Where Men Conduct and Women Twirl the Baton

Michael Zwiebach on April 8, 2014

Last summer, when a few famous conductors spouted off about women conductors, convinced that the profession was properly the domain of men, a fuss was made for the seemingly unending length of the news cycle. And when it was over, the issue went underground again. Last week, Jorma Panula, the 83-year-old Finn who has trained a number of famous conductors (including Susanna Mälkki) repeated the zombie idea to a Finnish broadcaster]. And just the other day, on Alex Ross’ blog, The Rest Is Noise, there was a link to the notice about the latest Solti Foundation award recipients — seven men and no women (38 of the Foundation’s 39 awardees have been men. According to Ross, Sara Jobin was the exception, in 2006).

Now, my first thought about this problem was that we’ve been here before — a couple of decades ago we were discussing whether women could be great composers; at this point, even a beginning list of highly successful, well-regarded women composers would take half the length of a newspaper column.

And let’s not forget the salvos that have been launched at the Vienna Philharmonic for its slow and grudging admission of women to its ranks.

In a sense, there is no difference between the difficulties women (and, just to be clear, people of color) have in gaining prestigious conducting gigs and the prejudices they face in directing big-budget films or Broadway musicals. (Julie Taymor broke the Broadway barrier with The Lion King in 1997. Women didn’t get to direct major movies until the late 1980s/early 1990s, and Kathryn Bigelow was famously the first woman to take home a best director Oscar, in 2010.)

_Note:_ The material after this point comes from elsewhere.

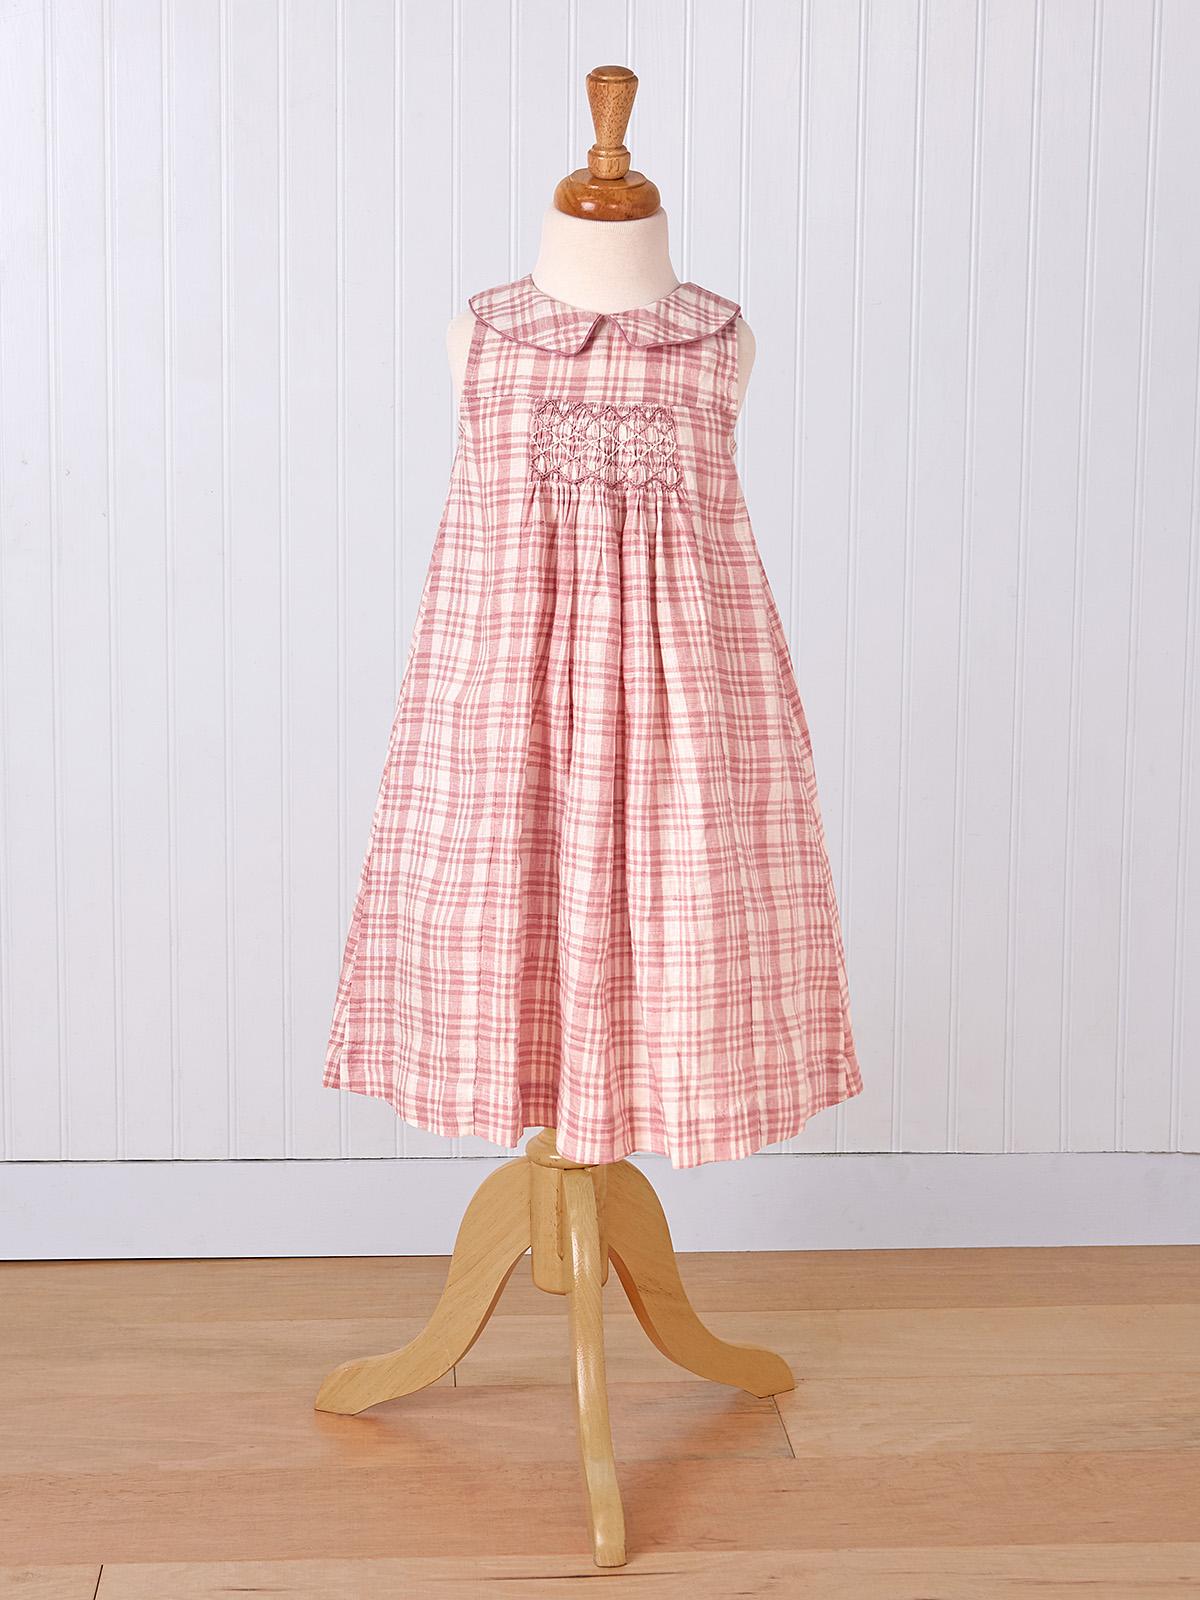 Rosy Linen Girls Dress

But in another sense, the classical music world is special, because so many people in it are concerned with tradition — with preserving the old ways, while deprecating the new. If you think of the opera house and the symphony orchestra as the big-budget classical equivalents of Broadway musicals and “tent-pole” or “blockbuster” movies, you see the difference immediately. For most major opera companies and symphony orchestras, new works occupy a very small percentage of the organization’s artistic program and budget. And with the concentration on the older, classical repertory comes the associated prejudices in favor of continuity over change.

It would be hard to specify a single path that led today’s established women conductors to break through the professional barriers, and many will tell you they were simply lucky. But a number of them seem to have made a specialty of conducting new music (Mälkki, Sara Jobin, Marin Alsop, Nicole Paiement) or to have come from the early music subculture (Jane Glover, Jeanne Lamon, Jeanette Sorrell). They make their mark in the area outside the bastions of tradition, and eventually get invited into the big tent.

The Solti Foundation, by contrast, has found all but one of its conducting fellows this year from within the ranks of the assistant conductors of major symphony orchestras — in other words, the Foundation (by design) is assisting people who are already in traditional conducting careers. While this is laudable, women conductors (given what we observed above) are much less likely to be found in those positions. So, without meaning to perhaps, the Foundation contributes to the perception that conducting is a male sport, with women at the periphery.

In the end, conducting, like most things in the arts, is not quantifiable ... As Panula said, “This is purely a biological question.”

Tradition always seems to have an aura of inevitability about it. That’s why we’re reading about conductors who are openly skeptical of or resistant to women conductors speaking as if they’re just repeating an obvious truth. As Panula said, “This is purely a biological question.” And when the women conductors (including the one he has trained) end up paying no attention and becoming conductors anyway, that will just signify to the old guard the end of another tradition that should have been preserved.

In the end, conducting, like most things in the arts, is not quantifiable. Your ability is tested through a series of judgment calls that might involve the musicians you lead (or might not). Whether, and where, you’re hired will depend on an orchestra or opera company executive and a Board, which may (or may not) solicit good, professional advice. In that sense, everybody who has a career in conducting has been lucky.

But we know where this debate ends, because we’ve been here before. Women musicians are fully as capable as their male counterparts as instrumentalists, composers, rock stars, bandleaders, what have you. Conducting is just another musical activity, and as women dare to put themselves forward, arts organizations — those which are not so self-destructive as to ignore the talent of half the planet’s musicians — will begin to hand them the baton more often. And then tradition will bend and change, as it always has in classical music, as everywhere else in human history.